На Воздвижение Креста я должен буду получить в храме положенное бичевание, подтвердить под присягой зачитанный клириком текст договора — и наконец причаститься у алтаря и снова войти в полное общение с Церковью. Жалко, что на Крестовоздвижение не читают о Блудном сыне: вот хорошая была бы проповедь. Но тему покаяния к любому чтению можно приспособить. Ступайте с миром, дети, да смотрите не опаздывайте, и с выплатой штрафа надолго откладывать тоже не стоит.
Старый черт, сволочь сытая, бормотал себе под нос мой брат, поднимаясь за воротами в седло. Сунул ты, братец, голову в чертову нору! А все отец Фернанд, поп толстобрюхий, нас на такое дело подбил! Сидели бы, не высовывались, а теперь… мыслимо ли дело — двести с лишним марок в год! Одно приятно, сказал Эд, оборачиваясь на меня — что кюре Фернанд ни денье из этих двухсот марок не получит. Кроме того, не дождется он теперь ни денег на Рождественские свечи, ни мужичков на поправку дома или плуга.
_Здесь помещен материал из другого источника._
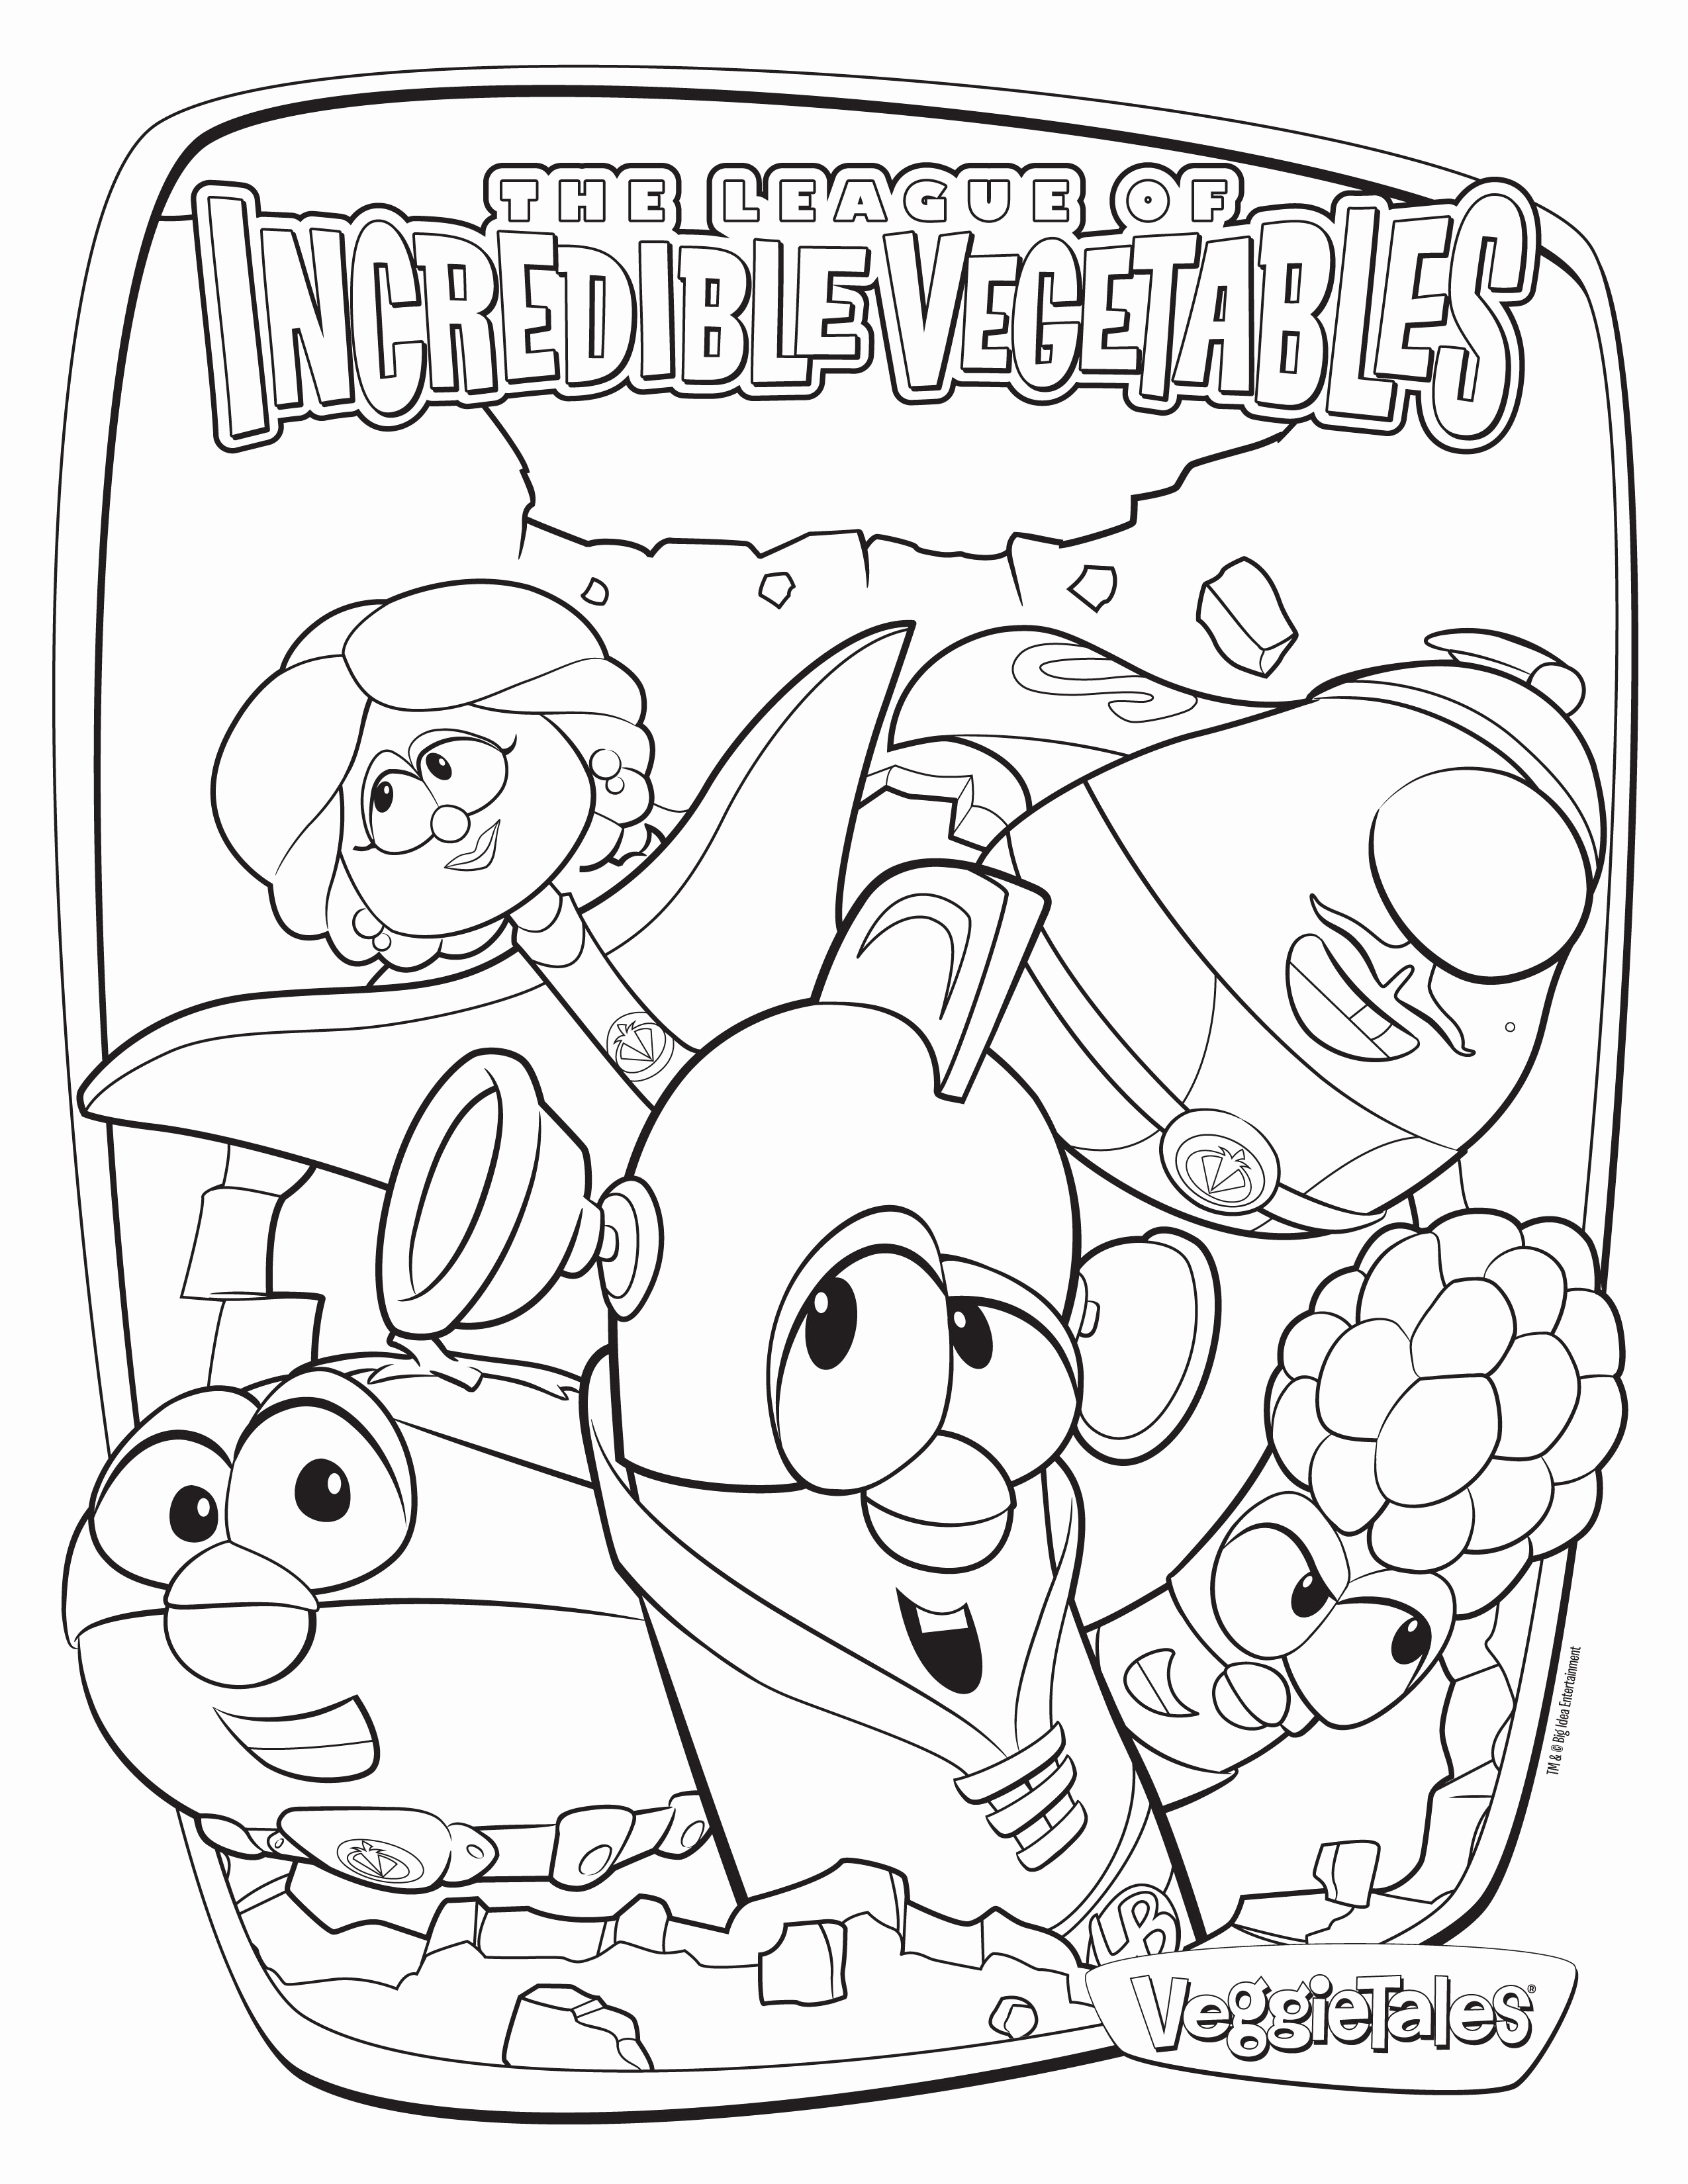 Vegetables Coloring Pages For Kindergarten at GetDrawings ...
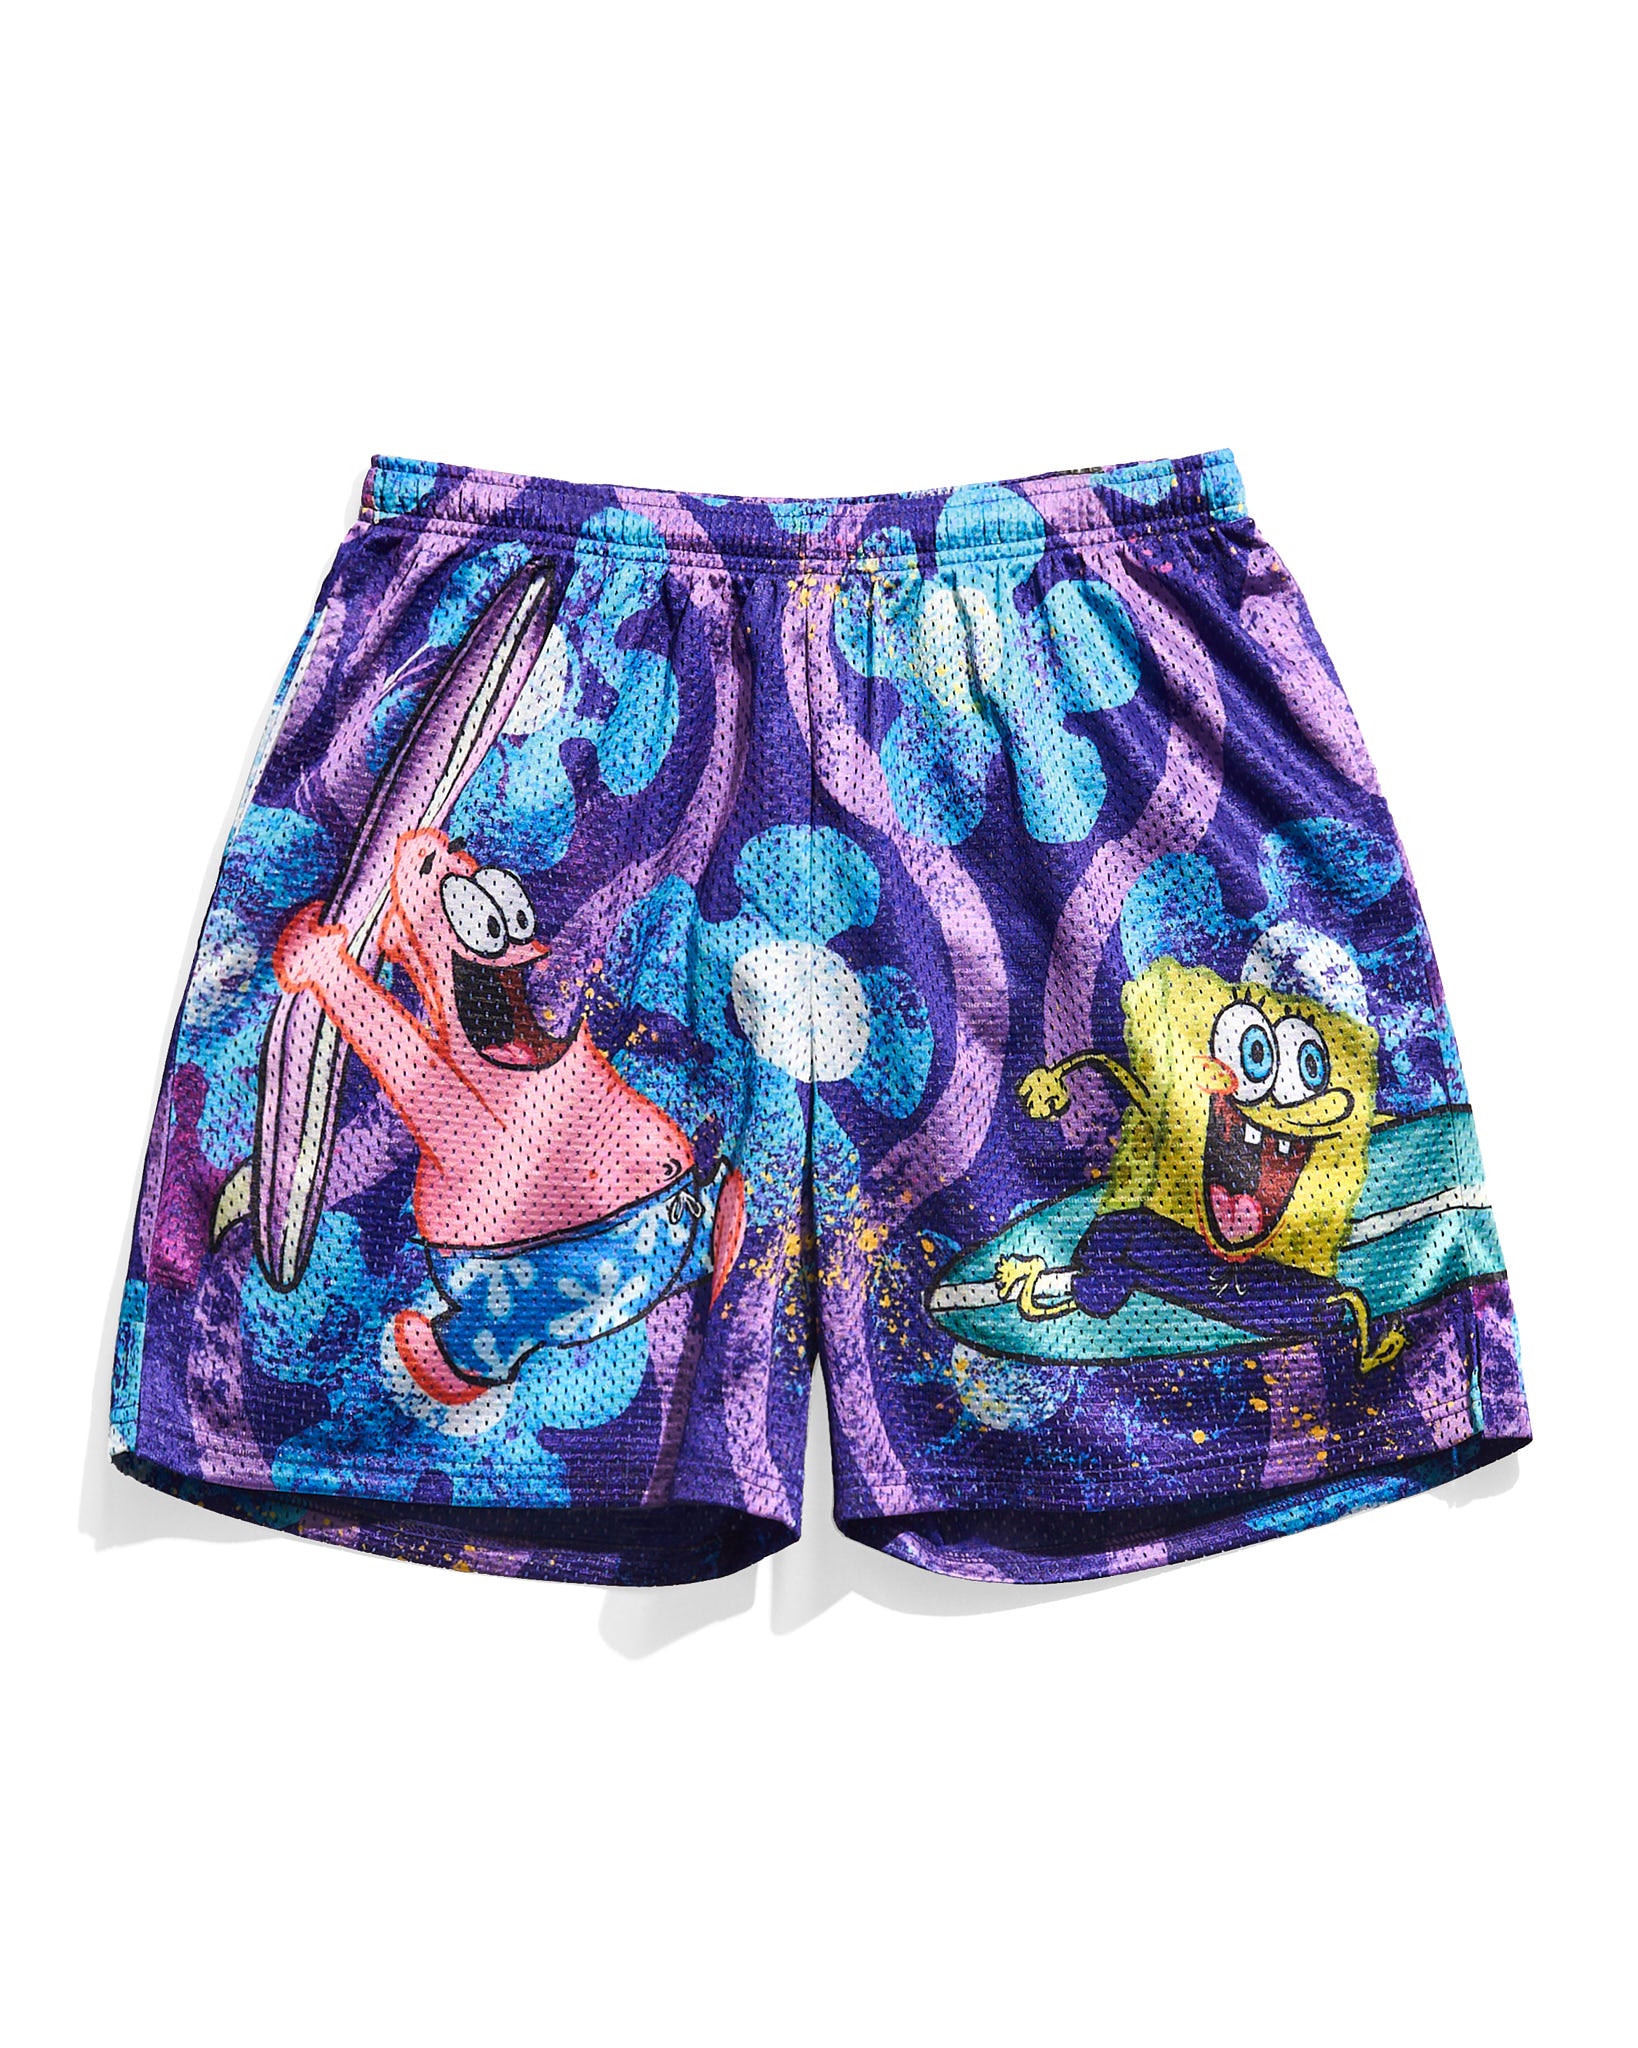 SpongeBob SquarePants Surf's Up Retro Shorts

И вина нашего ему теперь тоже пить не придется. И есть на кого свалить — все, мол, жадность епископа Санского обчистила нас, сиротинушек!
* * *
Ты пришла, когда я лежал без сна. Знаю, ничего не может быть более пошлого, чем слова «ты пришла», и ни в одном романе они не смотрятся так лживо, как на самом деле. Но не могу я сказать об этом иначе и не могу вовсе не сказать. Назавтра мы собирались в дорогу, в Провен, чтобы не дай Бог не опоздать к установленному дню покаяния.
Мой добрый брат показал себя лучшим и благороднейшим на свете. Он ни словом не попрекнул меня в грядущих расходах, он утешал меня байками про мессира Эда, который раз десять бывал под отлучением — и ничего, никто его за это не стал меньше уважать; он снова решительно отказал мне, когда я предложил во избежание трат вступить-таки в Орден Госпиталя. Эд любил меня; ни словом не упомянув, что я спас ему некогда жизнь, он защищал меня из чистой любви, и от этой его любви мне делалось еще горше и хуже. Я мысленно проклинал себя за то, что глядя на Эда, страдаю о Рамонете. Рамонете, который никогда не назвал бы меня братом, как не называл просто сестрой — «бастардку Гильеметту».